■ Source data
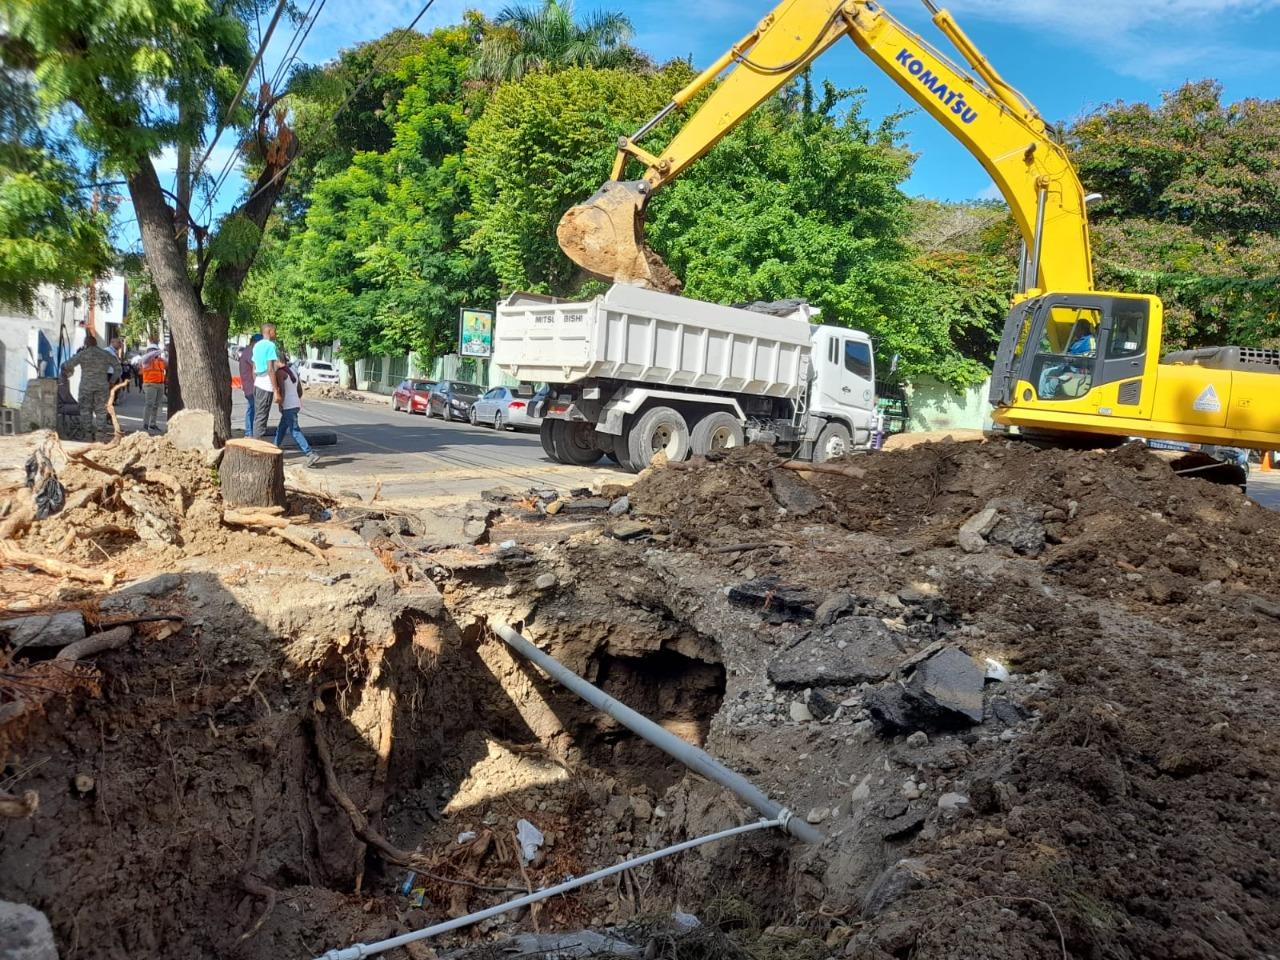 Rehabilitan área colapsada en el drenaje pluvial en calle Mella con prolongación Santomé  San Cristóbal.
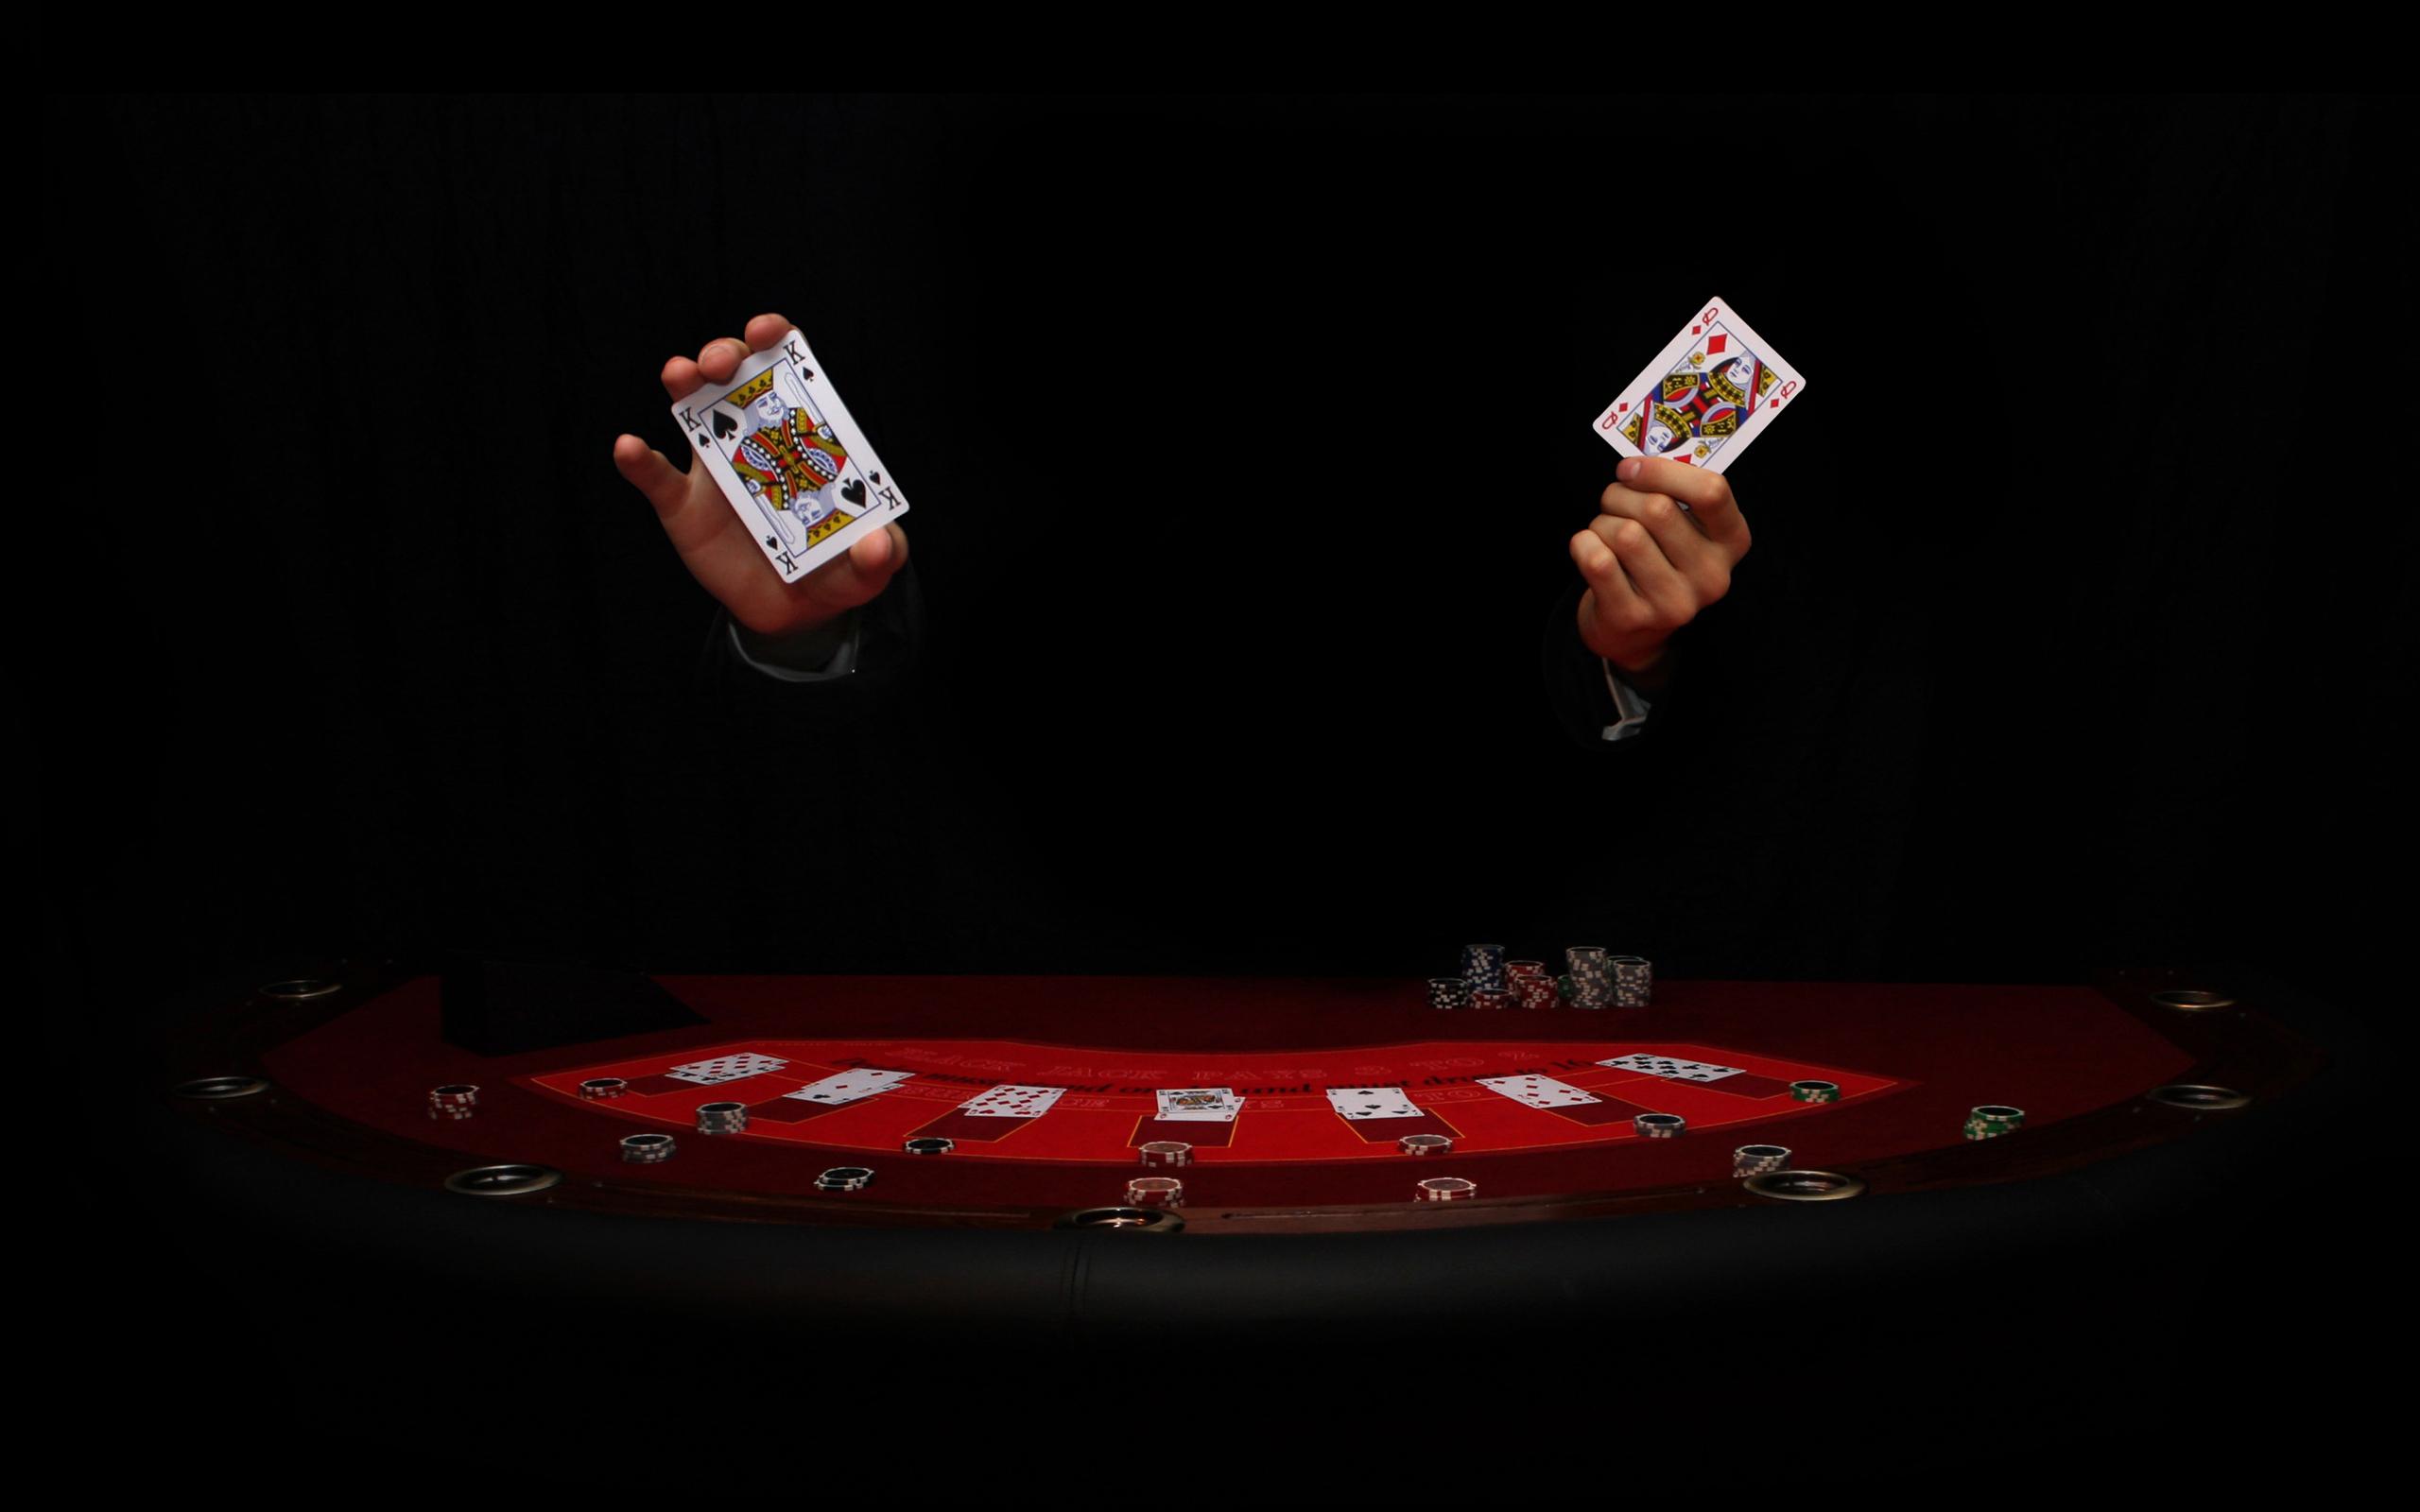 Победа онлайн казино официальный сайт
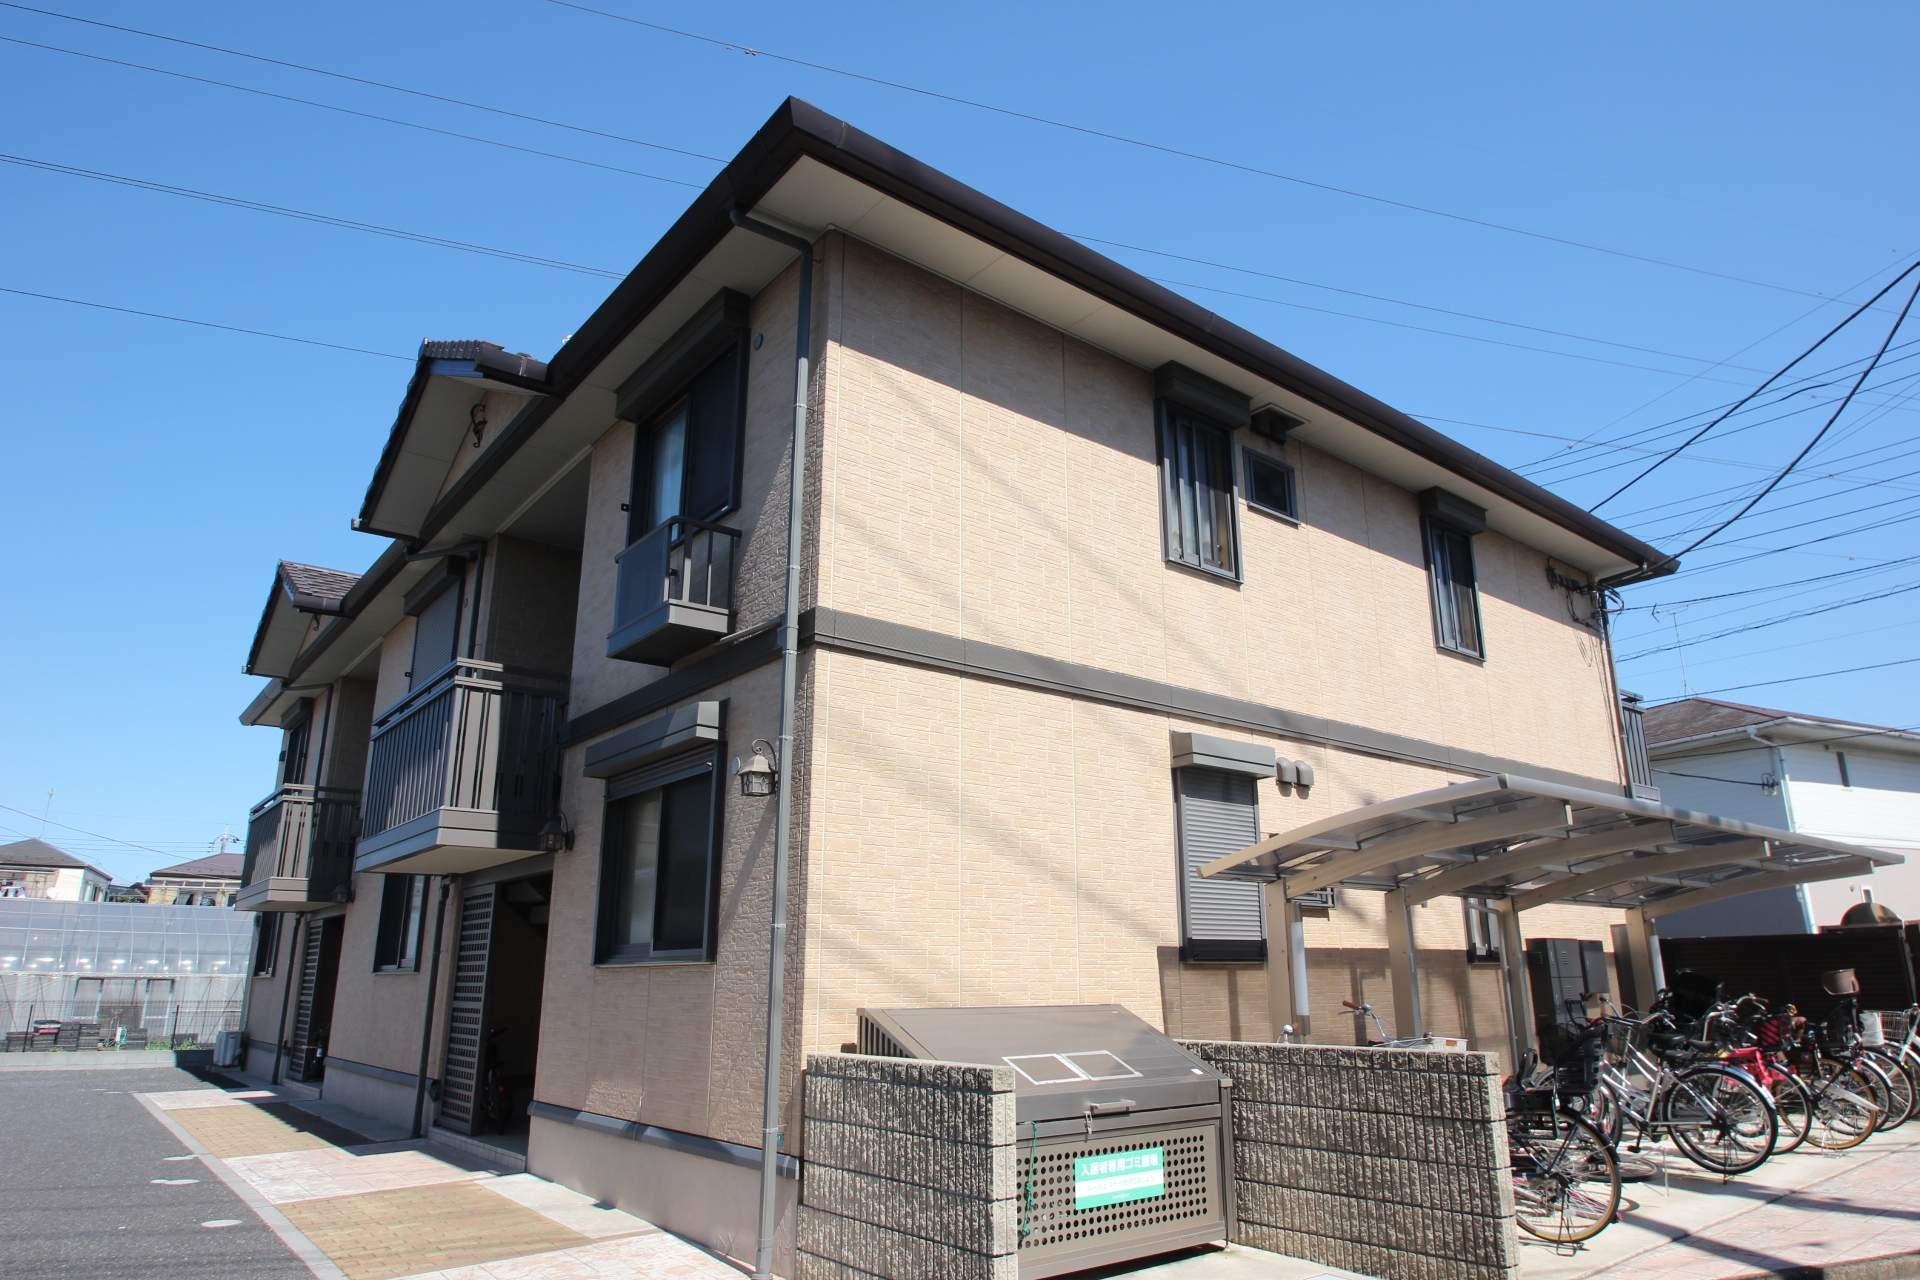 東京都江戸川区、小岩駅徒歩25分の築8年 2階建の賃貸アパート

■ How to complete this task
Give the listing again word for word, but drop every picture.

■ Reply to the exercise
 Rehabilitan área colapsada en el drenaje pluvial en calle Mella con prolongación Santomé  San Cristóbal.
 Победа онлайн казино официальный сайт
 東京都江戸川区、小岩駅徒歩25分の築8年 2階建の賃貸アパート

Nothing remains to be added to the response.